See Part II, Item 7 — Critical Accounting Policies and our consolidated financial statements and related notes in Part IV, Item 15 of our Form 10-K, for accounting policies and related estimates we believe are the most critical to understanding our condensed consolidated financial statements, financial condition and results of operations and which require complex management judgment and assumptions, or involve uncertainties. These critical accounting policies include revenue recognition; patient accounts receivable; insurance; goodwill and intangible assets; and income taxes. There have not been any changes to our significant accounting policies or their application, since we filed our Form 10-K.

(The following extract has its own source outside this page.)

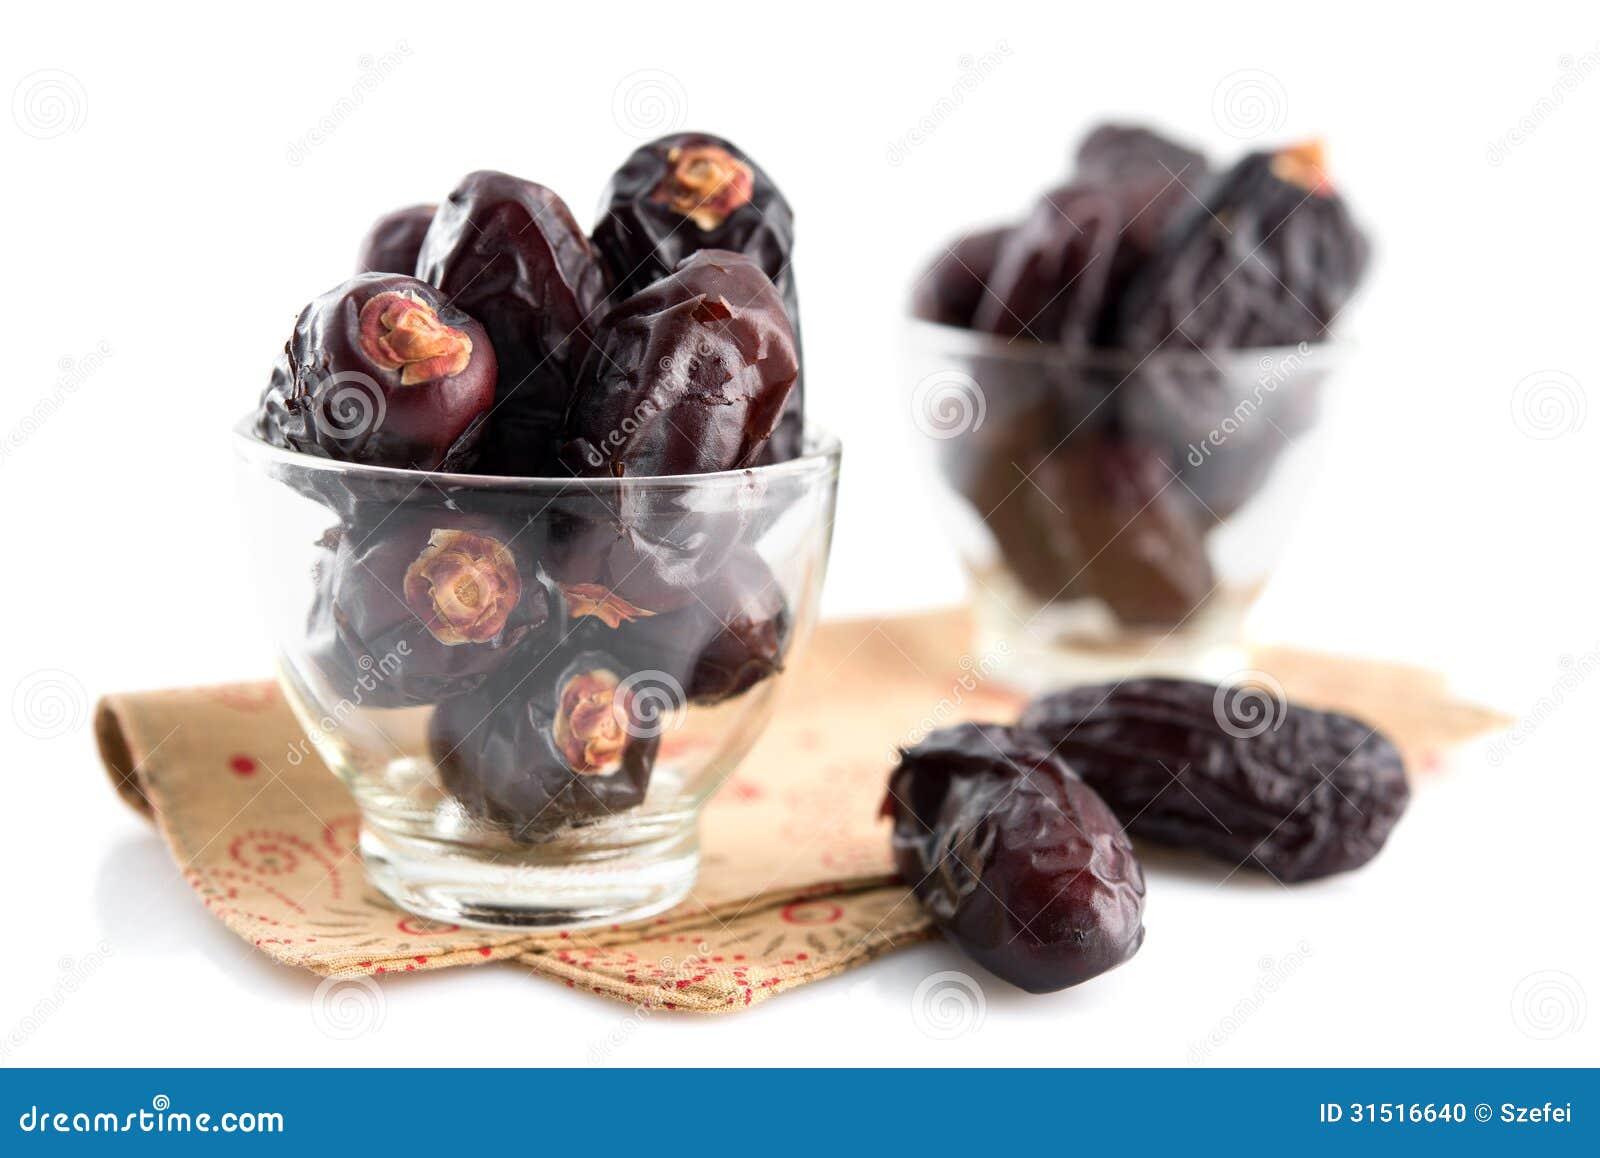 norsk dating side dates fruit

ITEM 3. QUANTITATIVE AND QUALITATIVE DISCLOSURES ABOUT MARKET RISK

Our Revolving Credit Facility and Term Loan carry a floating interest rate which is tied to the Eurodollar rate (i.e. LIBOR) and the Prime Rate and, therefore, our condensed consolidated statements of operations and our condensed consolidated statements of cash flows will be exposed to changes in interest rates. As of March 31, 2010, the total amount of outstanding debt subject to interest rate fluctuations was $90.0 million. A 1.0% interest rate increase would increase interest expense by approximately $0.9 million annually.

ITEM 4. CONTROLS AND PROCEDURES

Evaluation of Disclosure Controls and Procedures

We have established disclosure controls and procedures designed to ensure that information required to be disclosed in our reports filed under the Securities Exchange Act of 1934 (the “Exchange Act”) is recorded, processed, summarized, disclosed and reported within the time periods specified in the SEC’s rules and forms. This information is also accumulated and communicated to our management and Board of Directors to allow timely decisions regarding required disclosure.

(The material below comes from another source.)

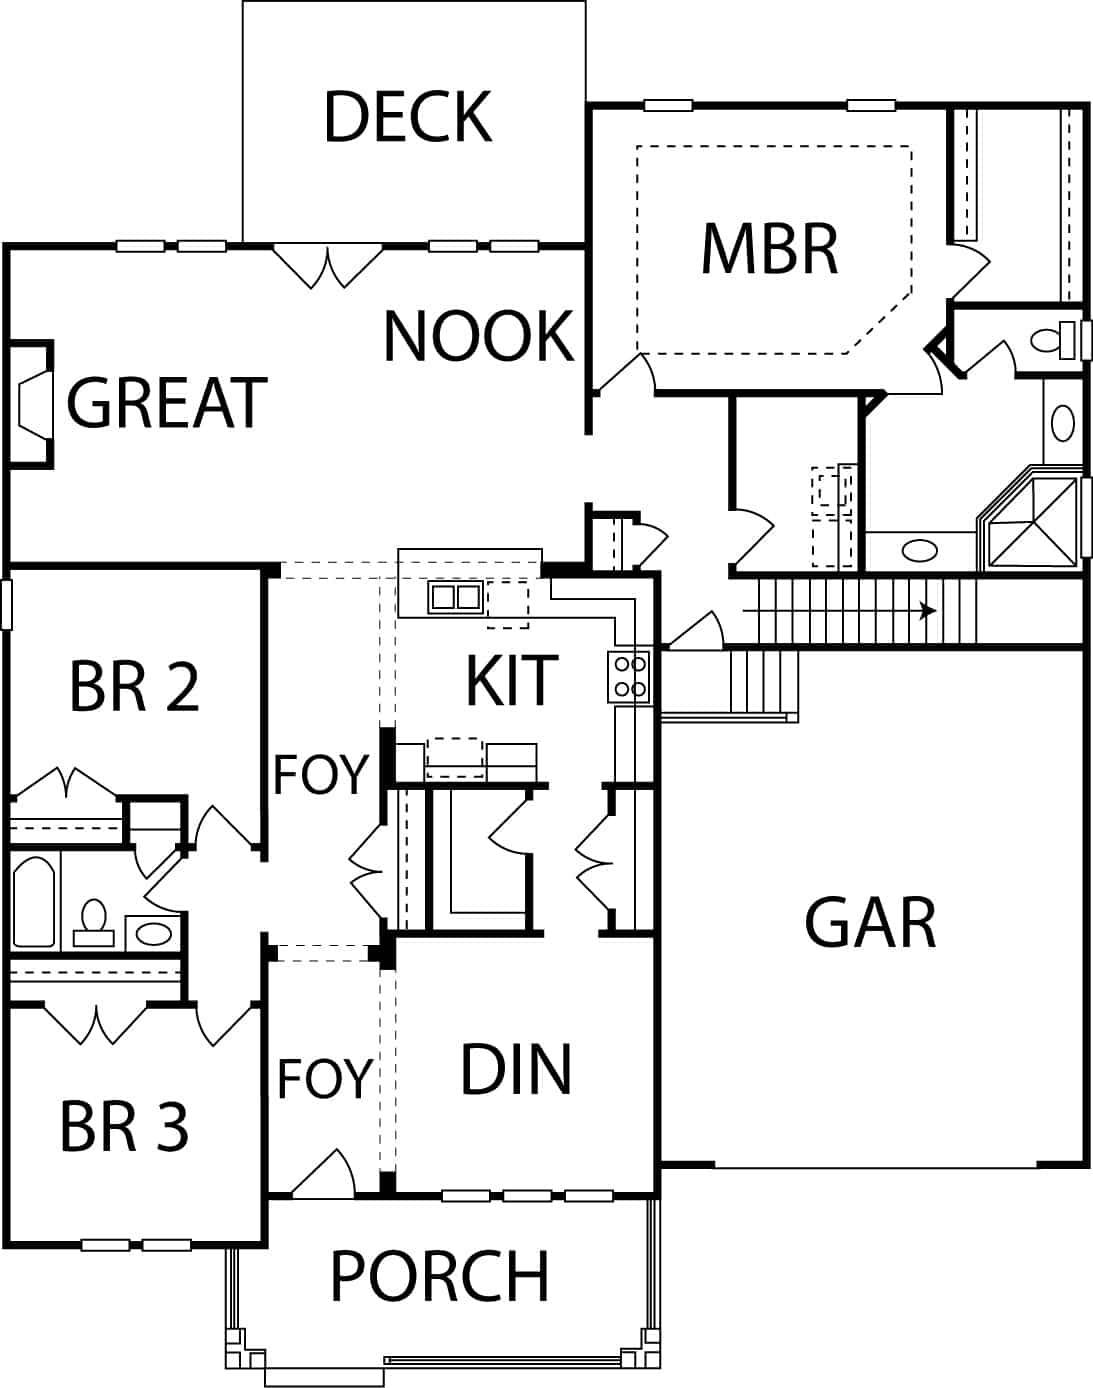 Biltmore design homes llc - Home design

In connection with the preparation of this Quarterly Report on Form 10-Q, as of March 31, 2010, under the supervision and with the participation of our management, including our principal executive officer and principal financial officer, we conducted an evaluation of the effectiveness of our disclosure controls and procedures, as such term is defined under Rules 13a-15(e) and 15d-15(e) promulgated under the Exchange Act.

Based on this evaluation, our principal executive officer and principal financial officer concluded that our disclosure controls and procedures were effective as of March 31, 2010, the end of the period covered by this Quarterly Report.

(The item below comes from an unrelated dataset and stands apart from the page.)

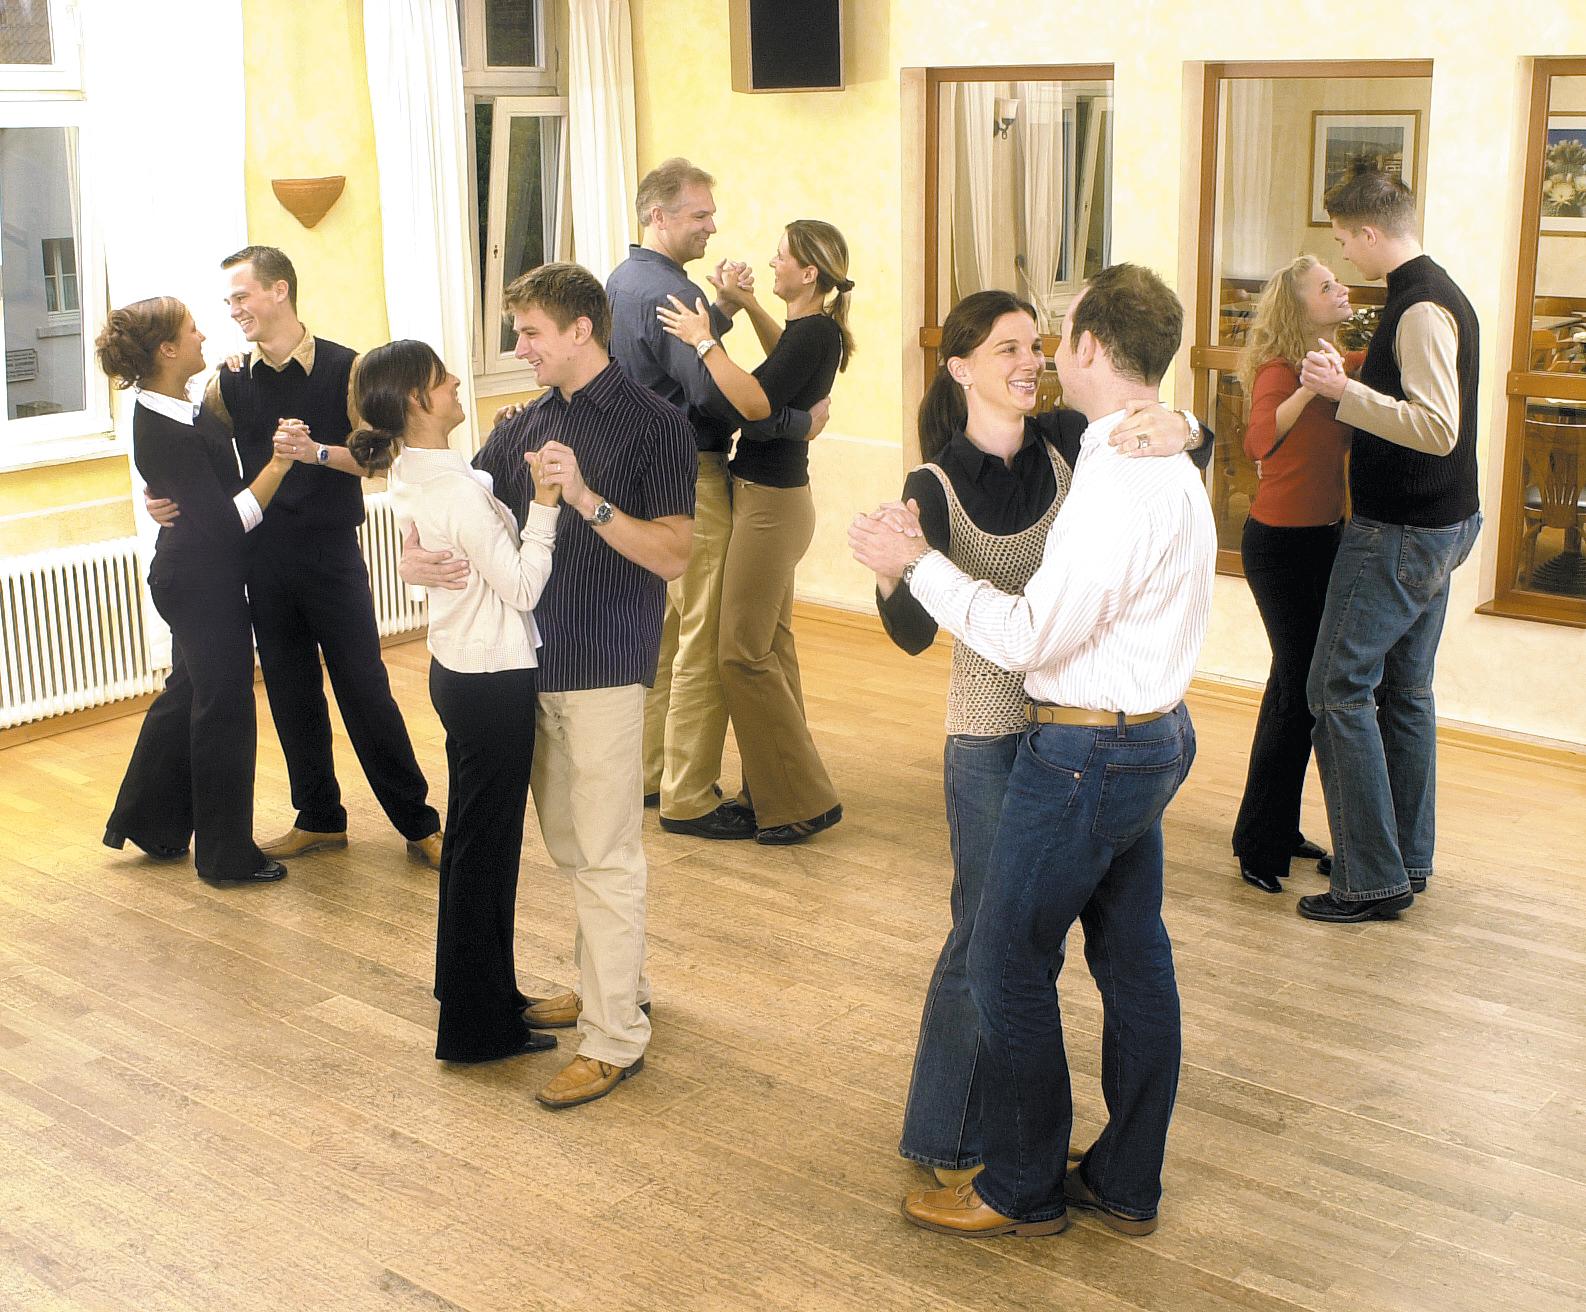 Tanzschule Kaechele Leverkusen   Tanzkurse, Zumba, Fitness, Ballett

Changes in Internal Controls

There have been no changes in our internal control over financial reporting (as defined in Exchange Act Rule 13a-15(f)) that have occurred during the quarter ended March 31, 2010, that have materially affected, or are reasonably likely to materially affect, our internal control over financial reporting.

 

18


Table of Contents

Inherent Limitations on Effectiveness of Controls

Our management, including our principal executive officer and principal financial officer, does not expect that our disclosure controls or our internal controls over financial reporting will prevent or detect all errors and all fraud. A control system, no matter how well designed and operated, can provide only reasonable, not absolute, assurance that the control system’s objectives will be met. The design of a control system must reflect the fact that there are resource constraints, and the benefits of controls must be considered relative to their costs. Further, because of the inherent limitations in all control systems, no evaluation of controls can provide absolute assurance that misstatements due to error or fraud will not occur or that all control issues and instances of fraud, if any, have been detected. These inherent limitations include the realities that judgments in decision-making can be faulty and that breakdowns can occur because of simple error or mistake. Controls can also be circumvented by the individual acts of some persons, by collusion of two or more people, or by management override of the controls. The design of any system of controls is based in part on certain assumptions about the likelihood of future events, and there can be no assurance that any design will succeed in achieving its stated goals under all potential future conditions. Projections of any evaluation of controls’ effectiveness to future periods are subject to risks. Over time, controls may become inadequate because of changes in conditions or deterioration in the degree of compliance with policies and procedures.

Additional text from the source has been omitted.